Recall that we are studying sequences of functions $\{f_n\}$ where each $f_n: E \to \mathbb{R}$ is defined on a common domain $E \subseteq \mathbb{R}$.

\begin{definition}[Pointwise Convergence]
A sequence $(f_n)$ \emph{converges pointwise} to $f: E \to \mathbb{R}$ if for every $x \in E$,
\[
  \lim_{n \to \infty} f_n(x) = f(x).
\]
Equivalently, for every $x \in E$ and every $\varepsilon > 0$, there exists $N = N(\varepsilon, x) \in \mathbb{N}$ such that $|f_n(x) - f(x)| < \varepsilon$ for all $n \geq N$.
\end{definition}

The key issue with pointwise convergence is that $N$ may depend on $x$---this can lead to pathological behavior.

\begin{example}
Let $f_n: [0,1] \to \mathbb{R}$ be defined by $f_n(x) = x^n$. Then
\[
  f(x) = \lim_{n \to \infty} x^n = \begin{cases} 0 & \text{if } 0 \leq x < 1, \\ 1 & \text{if } x = 1. \end{cases}
\]
Each $f_n$ is continuous, but the pointwise limit $f$ is discontinuous at $x = 1$. This shows that pointwise limits of continuous functions need not be continuous.
\end{example}

This motivates a stronger notion of convergence.

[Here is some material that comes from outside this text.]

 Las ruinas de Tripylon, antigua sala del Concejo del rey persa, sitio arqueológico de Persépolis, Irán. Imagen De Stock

\begin{definition}[Uniform Convergence]
A sequence $(f_n)$ \emph{converges uniformly} to $f: E \to \mathbb{R}$ if for every $\varepsilon > 0$, there exists $N = N(\varepsilon) \in \mathbb{N}$ (independent of $x$) such that
\[
  |f_n(x) - f(x)| < \varepsilon \quad \text{for all } n \geq N \text{ and all } x \in E.
\]
Equivalently, $\|f_n - f\|_\infty = \sup_{x \in E} |f_n(x) - f(x)| \to 0$ as $n \to \infty$.
\end{definition}

\begin{remark}
Uniform convergence implies pointwise convergence, but the converse is false (as the previous example shows).
\end{remark}

\section{Continuity of Uniform Limits}

The following theorem is one of the central results justifying the study of uniform convergence.

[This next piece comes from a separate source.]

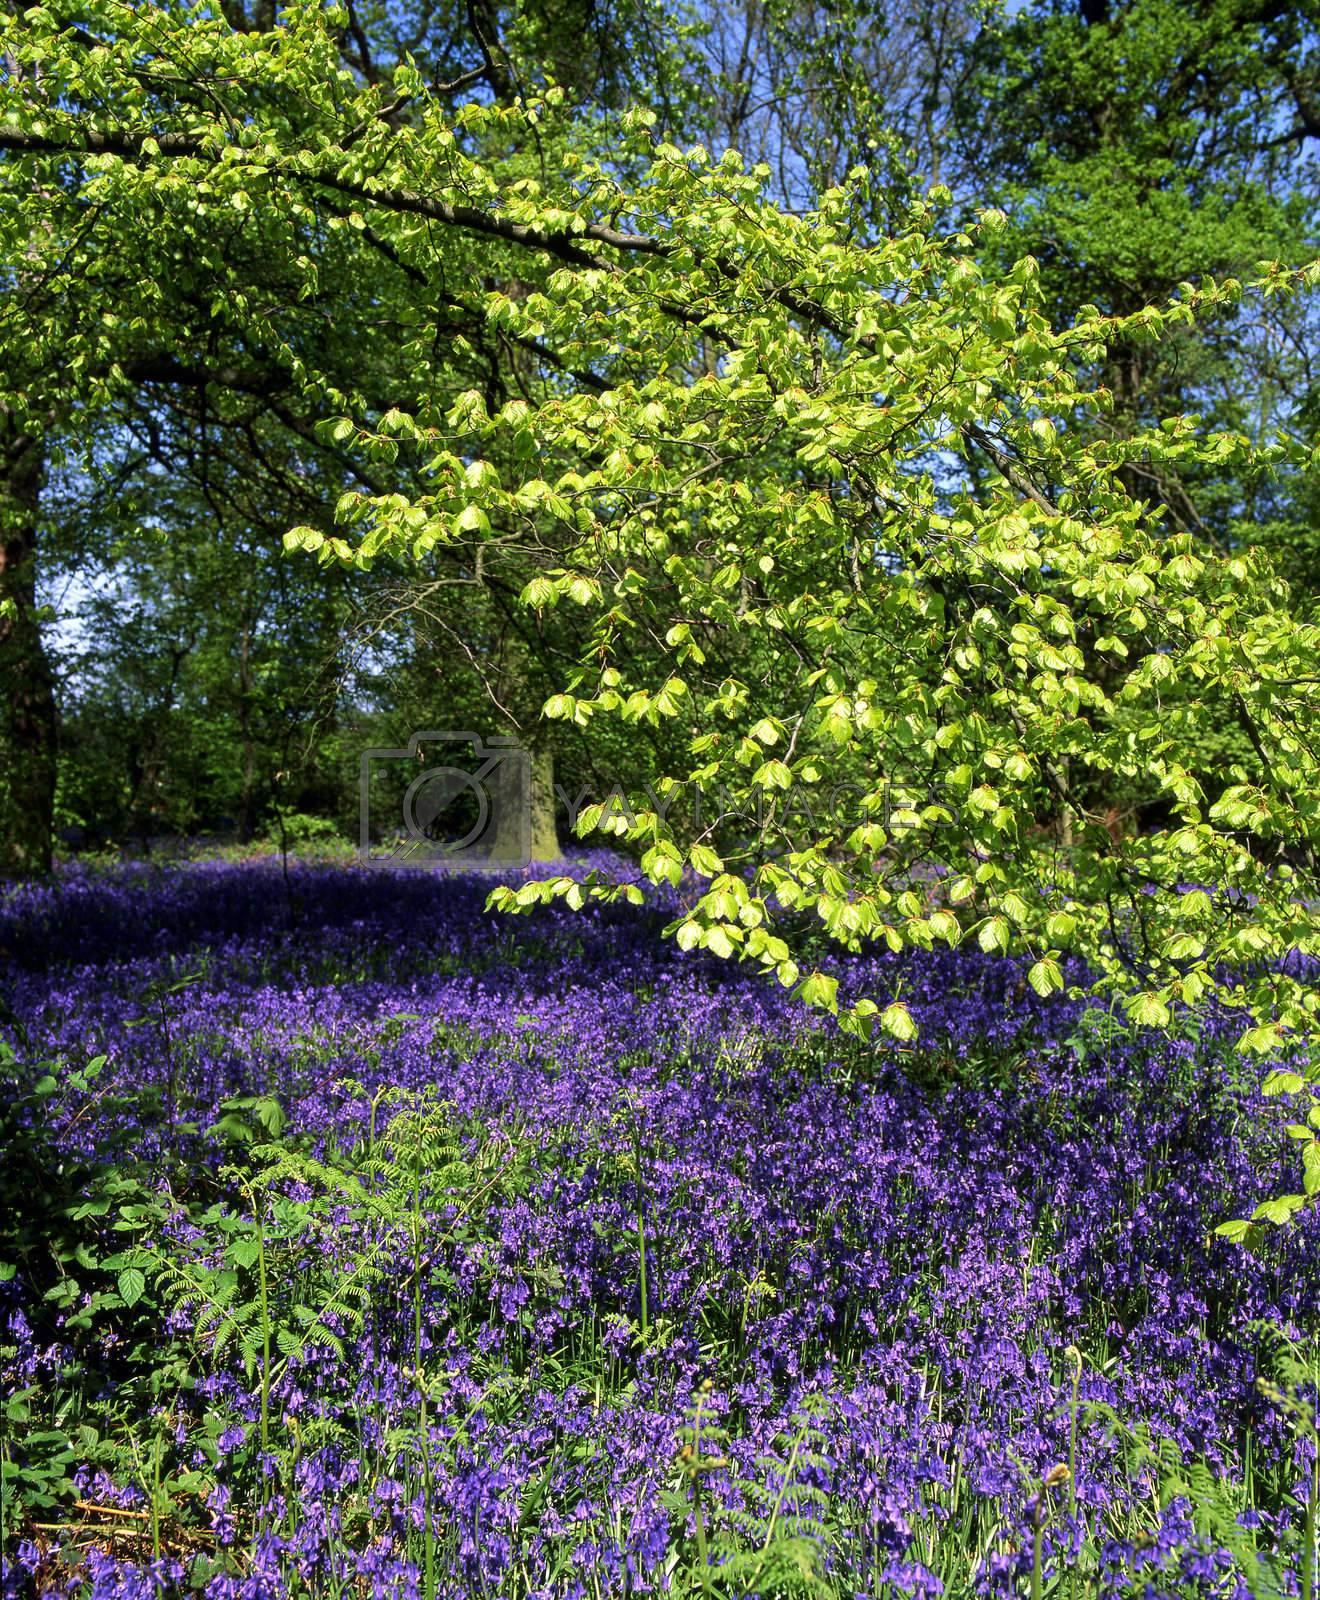 Bluebell Wood by runamock

\begin{theorem}[Uniform Limit of Continuous Functions]
\label{thm:unif-cont}
Let $E \subseteq \mathbb{R}$ and let $(f_n)$ be a sequence of continuous functions $f_n: E \to \mathbb{R}$ that converges uniformly to $f: E \to \mathbb{R}$. Then $f$ is continuous on $E$.
\end{theorem}

\begin{proof}
Fix $x_0 \in E$ and let $\varepsilon > 0$. Since $f_n \to f$ uniformly, there exists $N$ such that $\|f_N - f\|_\infty < \varepsilon/3$. Since $f_N$ is continuous at $x_0$, there exists $\delta > 0$ such that $|x - x_0| < \delta$ implies $|f_N(x) - f_N(x_0)| < \varepsilon/3$. Then for $|x - x_0| < \delta$:
\begin{align*}
  |f(x) - f(x_0)| &\leq |f(x) - f_N(x)| + |f_N(x) - f_N(x_0)| + |f_N(x_0) - f(x_0)| \\
  &< \frac{\varepsilon}{3} + \frac{\varepsilon}{3} + \frac{\varepsilon}{3} = \varepsilon.
\end{align*}
Since $x_0$ was arbitrary, $f$ is continuous on $E$.
\end{proof}

\section{The Weierstrass $M$-Test}

For series of functions $\sum f_n$, the following criterion provides a practical tool for establishing uniform convergence.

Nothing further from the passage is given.